■ TASK BRIEF
Return the data below unchanged. Drop any pictures.

■ GIVEN DATA
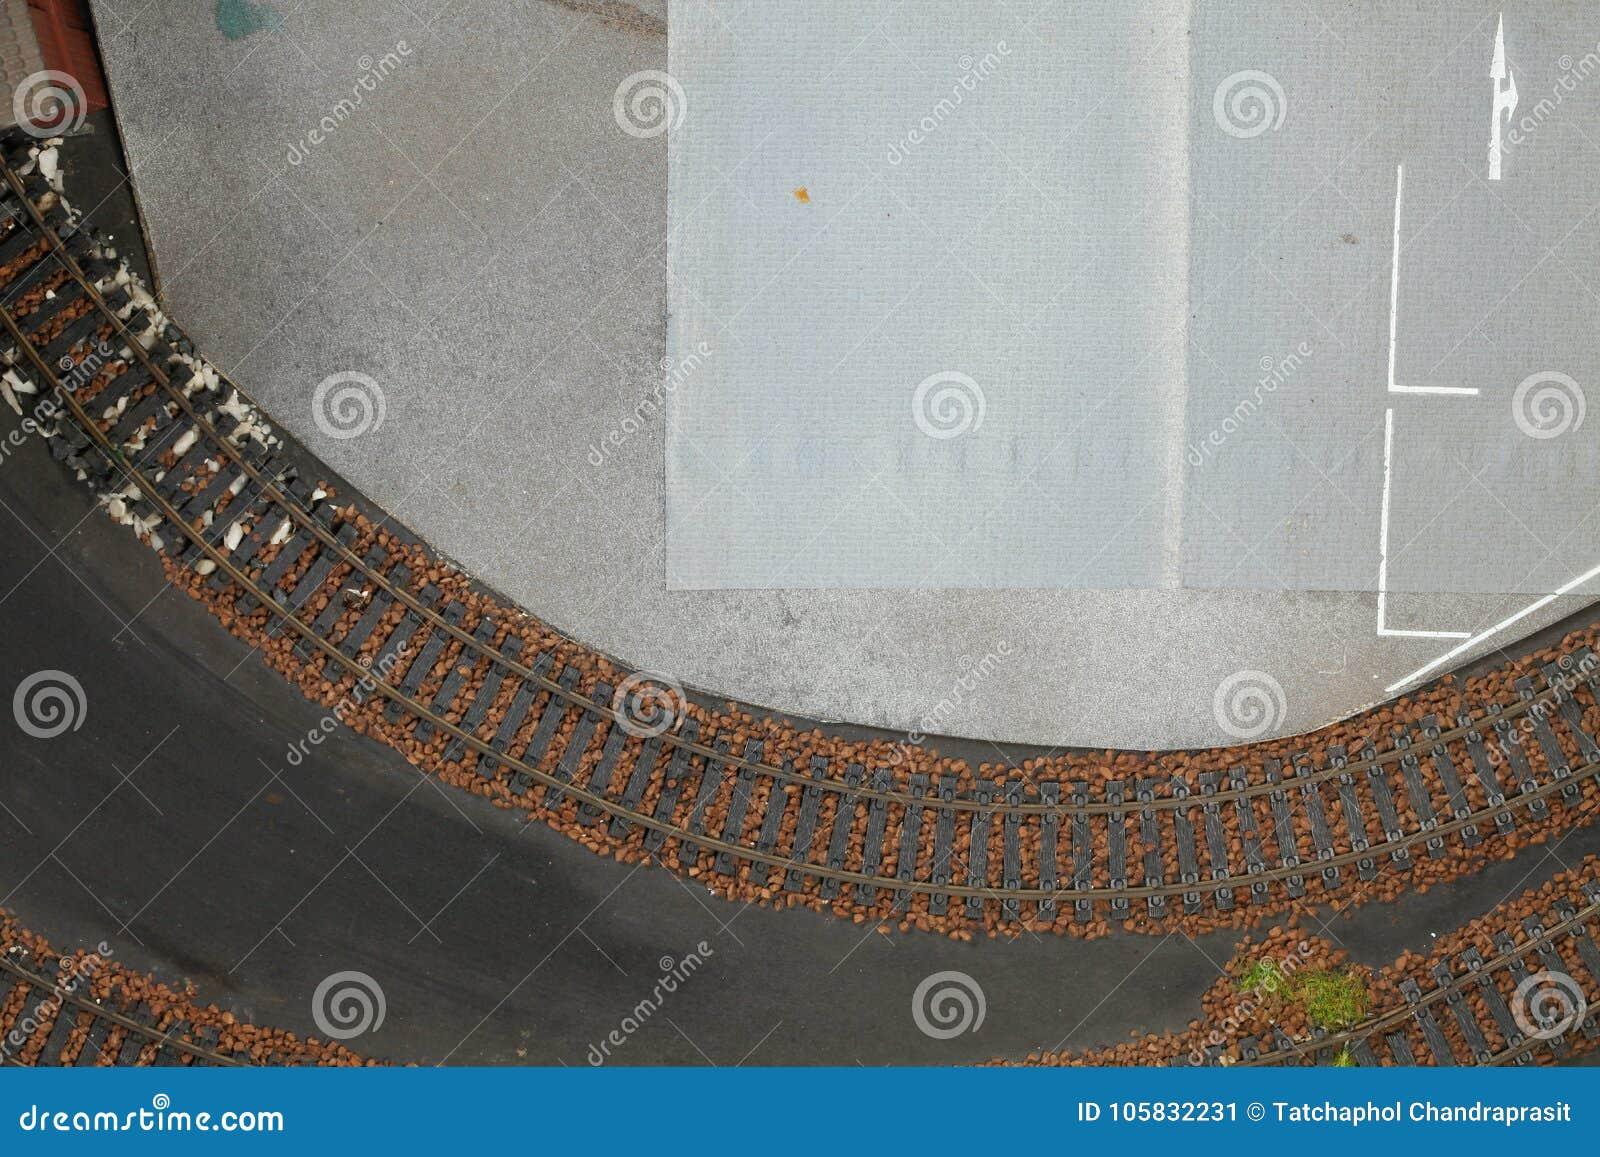 Chemin de fer modèle sur la scène modèle miniature
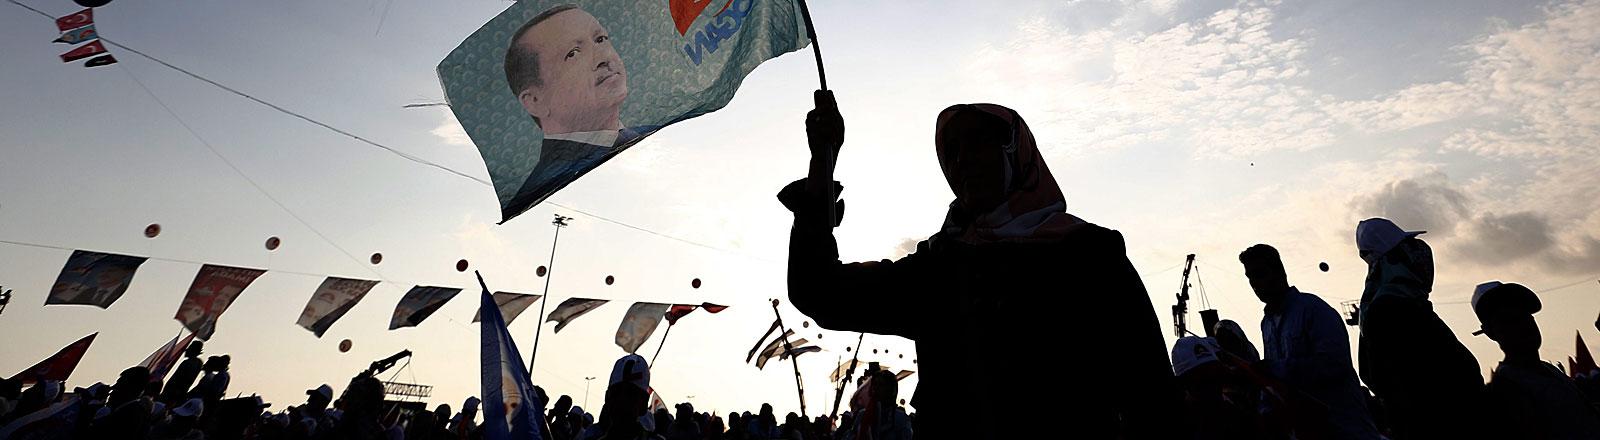 Erdogan-Anhänger halten Fahnen mit dem Portrait des Präsidentschaftskandidaten hoch
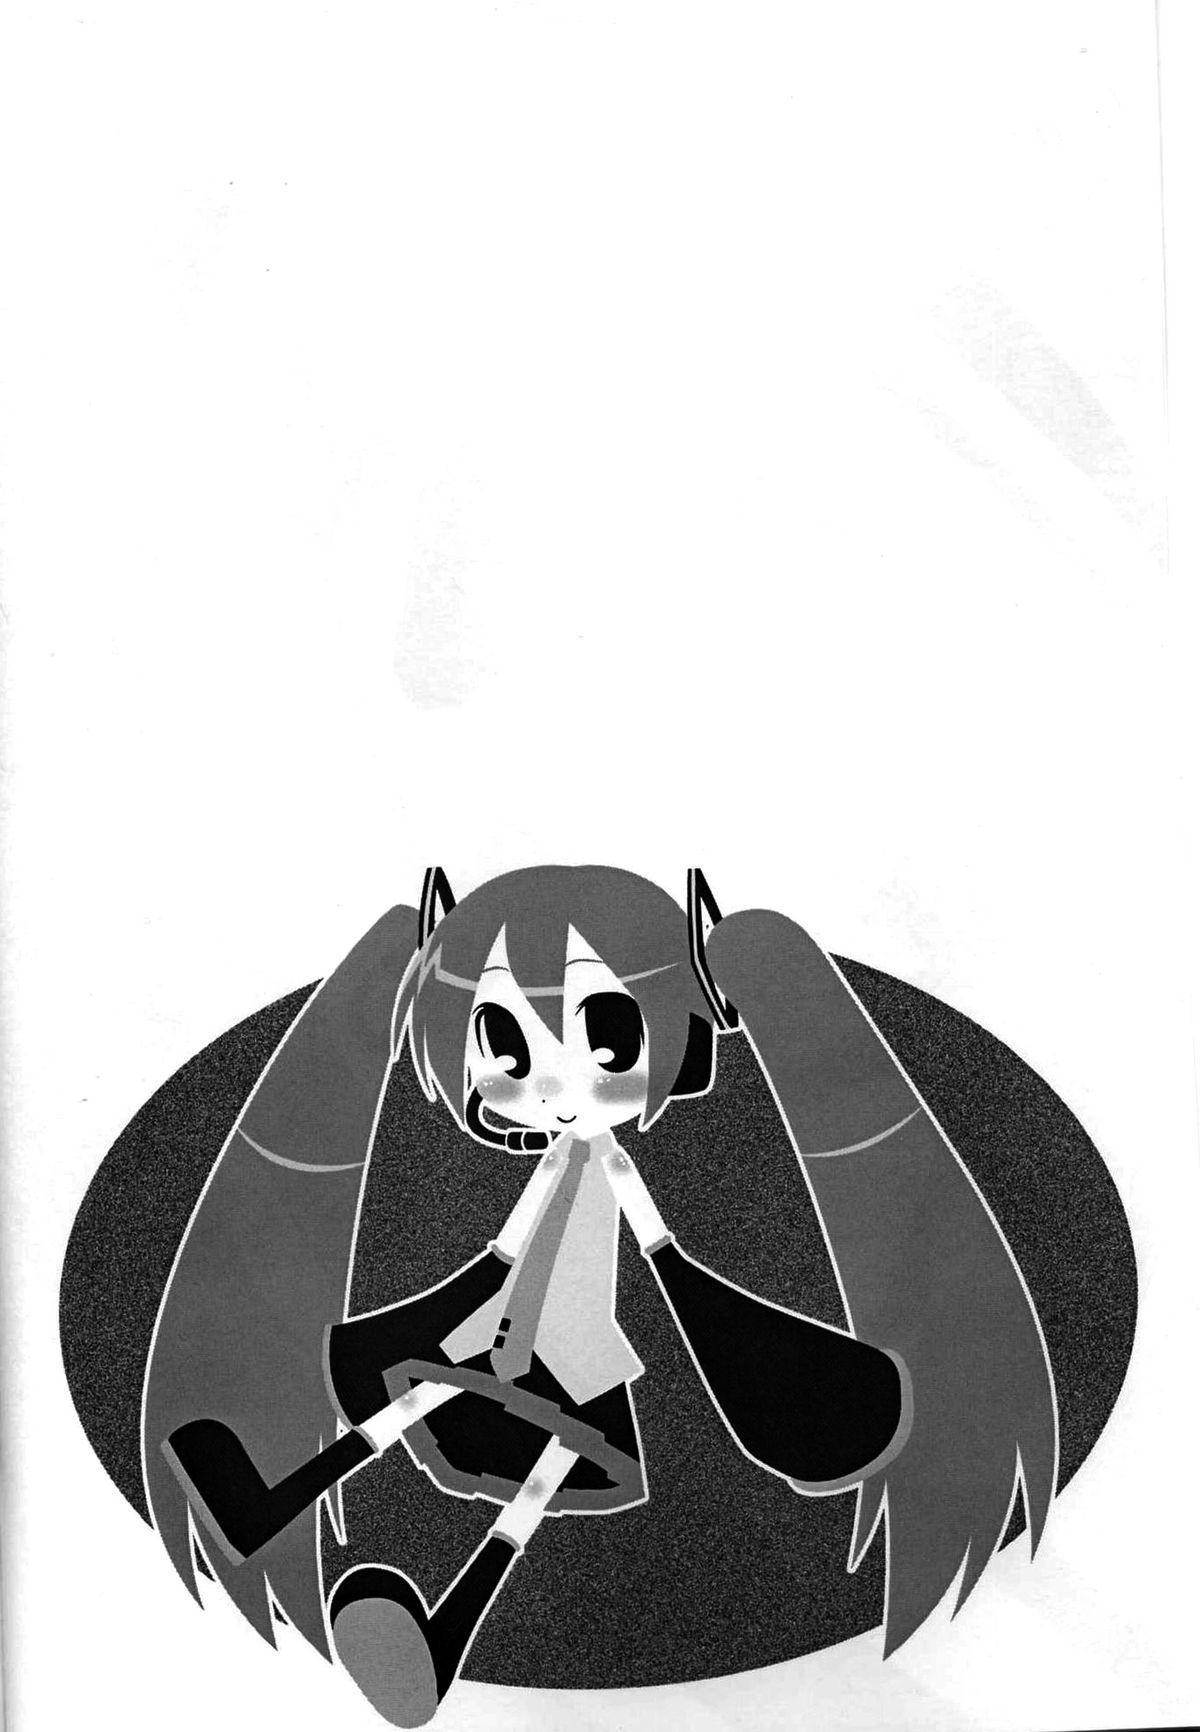 Mikkumiku no Anone 2
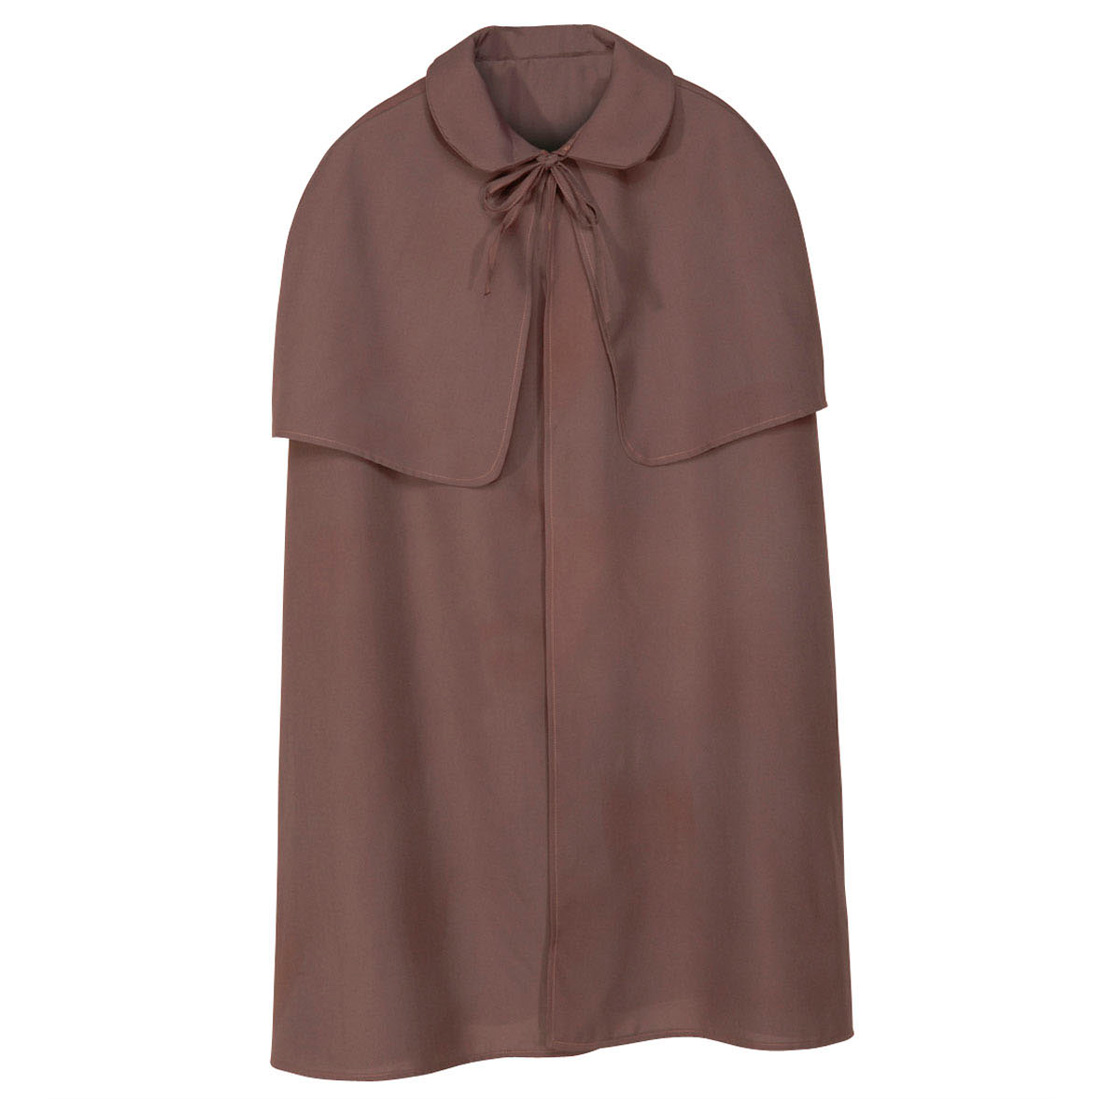 sherlock holmes investigatore cappotto agenti costume mantello grigio detective cappotto cape ebay. Black Bedroom Furniture Sets. Home Design Ideas

■ ANSWER TO THIS PROBLEM
 Chemin de fer modèle sur la scène modèle miniature
 Erdogan-Anhänger halten Fahnen mit dem Portrait des Präsidentschaftskandidaten hoch
 Mikkumiku no Anone 2
 sherlock holmes investigatore cappotto agenti costume mantello grigio detective cappotto cape ebay. Black Bedroom Furniture Sets. Home Design Ideas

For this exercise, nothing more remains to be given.